Снова наступило молчанье. От грохота колеса вся мельница содрогалась.
– Эка, крови-то сколько, крови! Трупов не счесть, волки над ними, вороны! Мор пришел страшный! Куда ни глянь, одни трупы! Трупы и трупы, ничего не видать, все кровью залито.
Внезапно порыв ветра смахнул туман с колеса, и тут же на пригорке над мельницей появился с вязанкою дров на плечах уродище Черемис.
– Черемис, опусти заставку! – крикнула девка.
И, сказавши так, пошла умыть лицо и руки, а карлик меж тем усмирил воду.
Богун сидел задумавшись. Очнулся только, когда подошла Горпына.
– Больше ничего не видала? – спросил он ее.
– Что показалось, то показалось, дальше и глядеть не надо.
– А не врешь?
– Головой брата клянусь, правду сказала. На кол Донца посадят – за ноги привяжут к волам и потащат. Эх, жаль мне тебя, братец. Да не одному ему написана смерть-то! Экая показалась тьма трупов! Отродясь не видела столько! Быть великой войне на свете.

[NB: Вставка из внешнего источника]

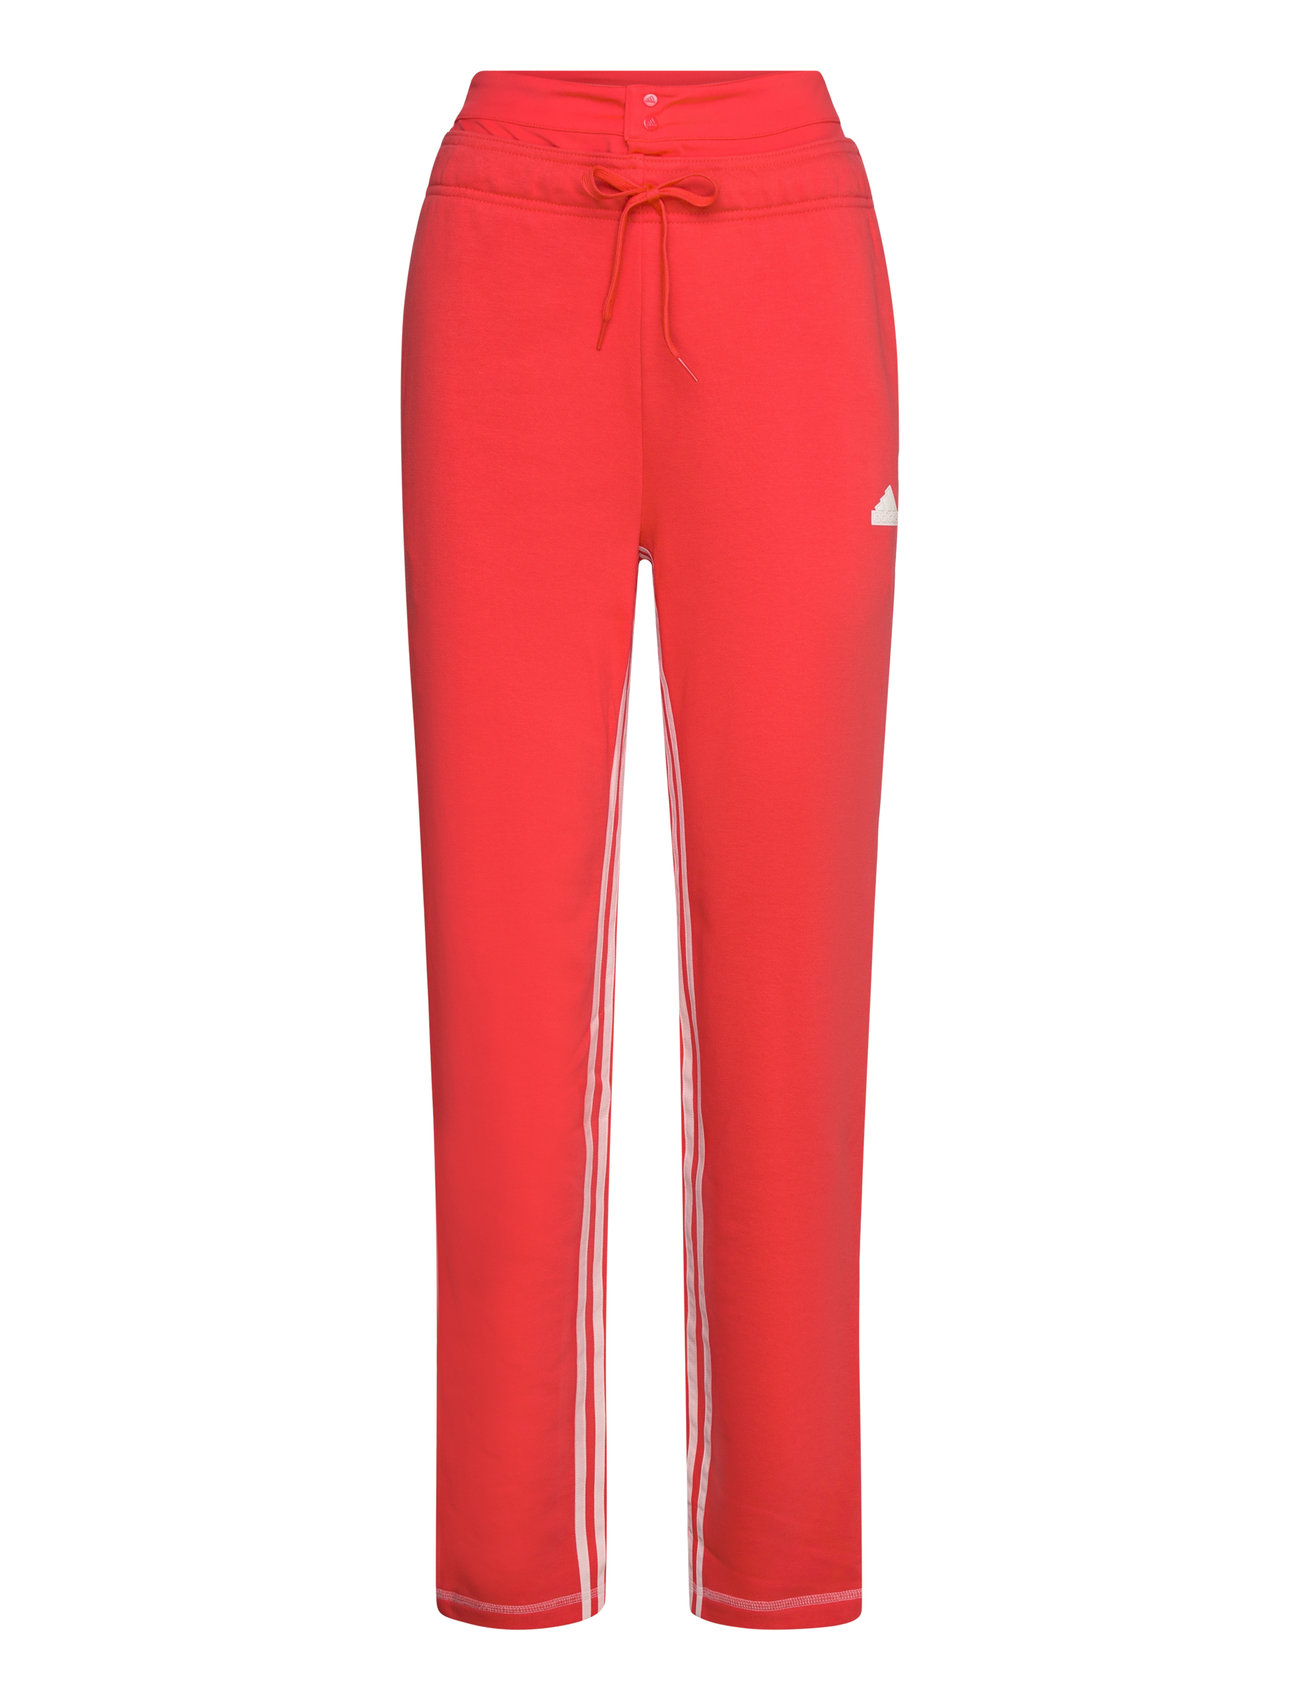 Dance Knt Pt Sport Sweatpants Red Adidas Sportswear

– А у нее, говоришь, ястреб над головою?
– Ну.
– И сама в венке была?
– В веночке и в белом платье.
– А откуда ты знаешь, что я – этот ястреб? Может, тот лях молодой, шляхтич, о котором ты от меня слыхала?
Девка насупила брови и задумалась.
– Нет, – сказала она, тряхнув головою, – коли б був лях, то би був орел.
– Слава богу! Слава богу! Ладно, пойду к ребятам, велю лошадей готовить в дорогу. Стемнеется, и поедем.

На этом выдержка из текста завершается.